Rotation Conversions

rot_utils

Rotation utility functions for conversions between representations.

quaternion_to_matrix(quat: np.ndarray) -> np.ndarray

Convert quaternion to 3x3 rotation matrix.

Input

quat: Quaternion in (w, x, y, z) format, shape (4,)

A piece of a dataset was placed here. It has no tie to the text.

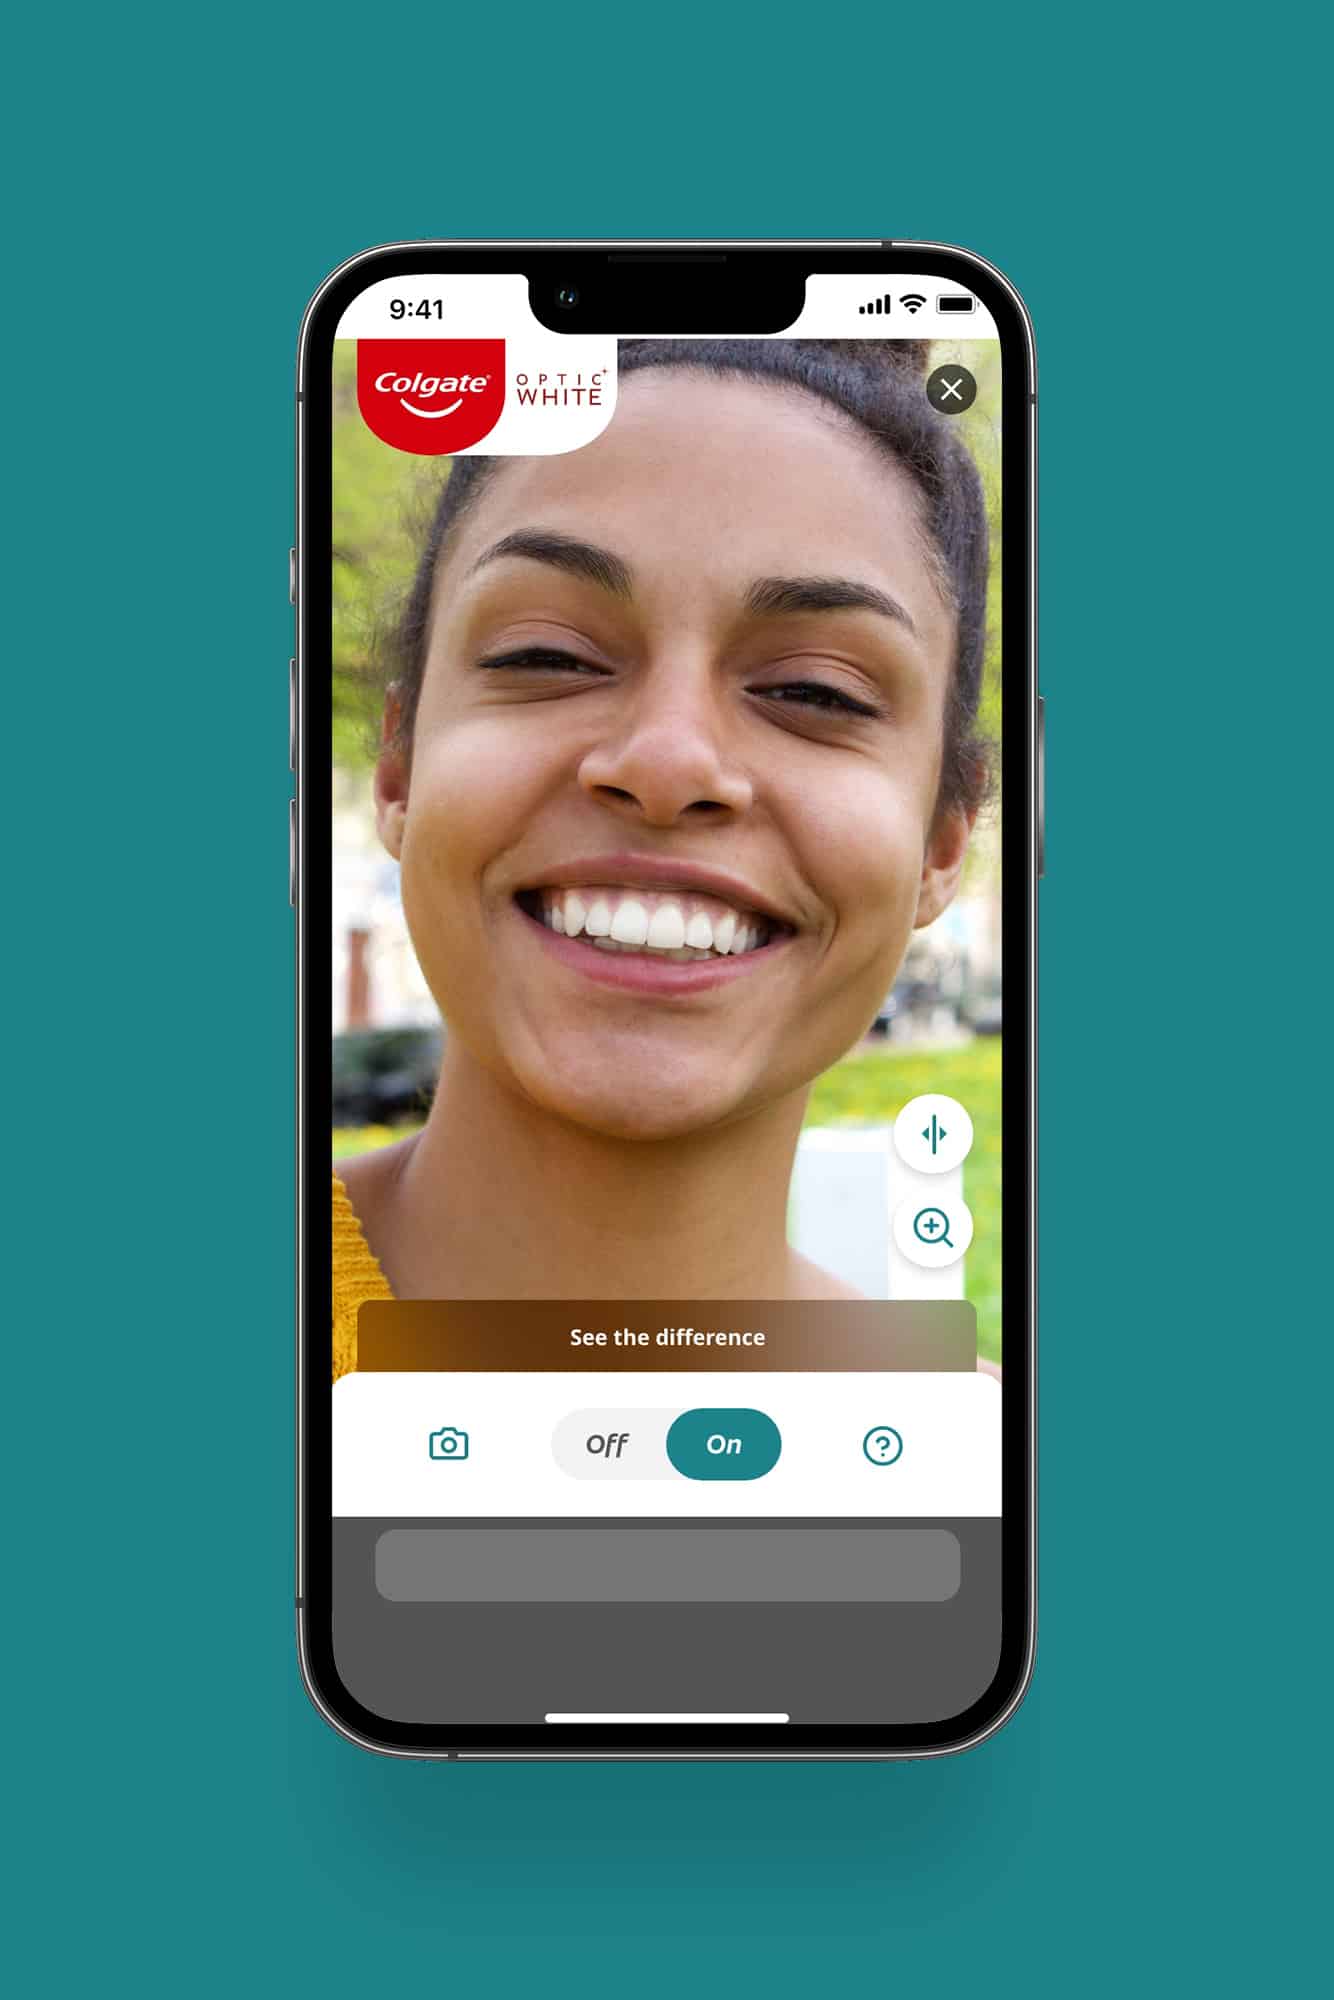 Colgate Whitening Augmented Reality

Output: rotation matrix, shape (3, 3)

Source code in autolife_planning/utils/rot_utils.py
def quaternion_to_matrix(quat: np.ndarray) -> np.ndarray:
    """
    Convert quaternion to 3x3 rotation matrix.

    Input:
        quat: Quaternion in (w, x, y, z) format, shape (4,)
    Output:
        rotation matrix, shape (3, 3)
    """
    quat = np.asarray(quat, dtype=np.float64)
    w, x, y, z = quat
    # Normalize
    norm = np.sqrt(w * w + x * x + y * y + z * z)
    w, x, y, z = w / norm, x / norm, y / norm, z / norm

    return np.array(
        [
            [1 - 2 * (y * y + z * z), 2 * (x * y - w * z), 2 * (x * z + w * y)],
            [2 * (x * y + w * z), 1 - 2 * (x * x + z * z), 2 * (y * z - w * x)],
            [2 * (x * z - w * y), 2 * (y * z + w * x), 1 - 2 * (x * x + y * y)],
        ]
    )

matrix_to_quaternion(rot: np.ndarray) -> np.ndarray

Convert 3x3 rotation matrix to quaternion.

Input

rot: Rotation matrix, shape (3, 3)

Output: quaternion in (w, x, y, z) format, shape (4,)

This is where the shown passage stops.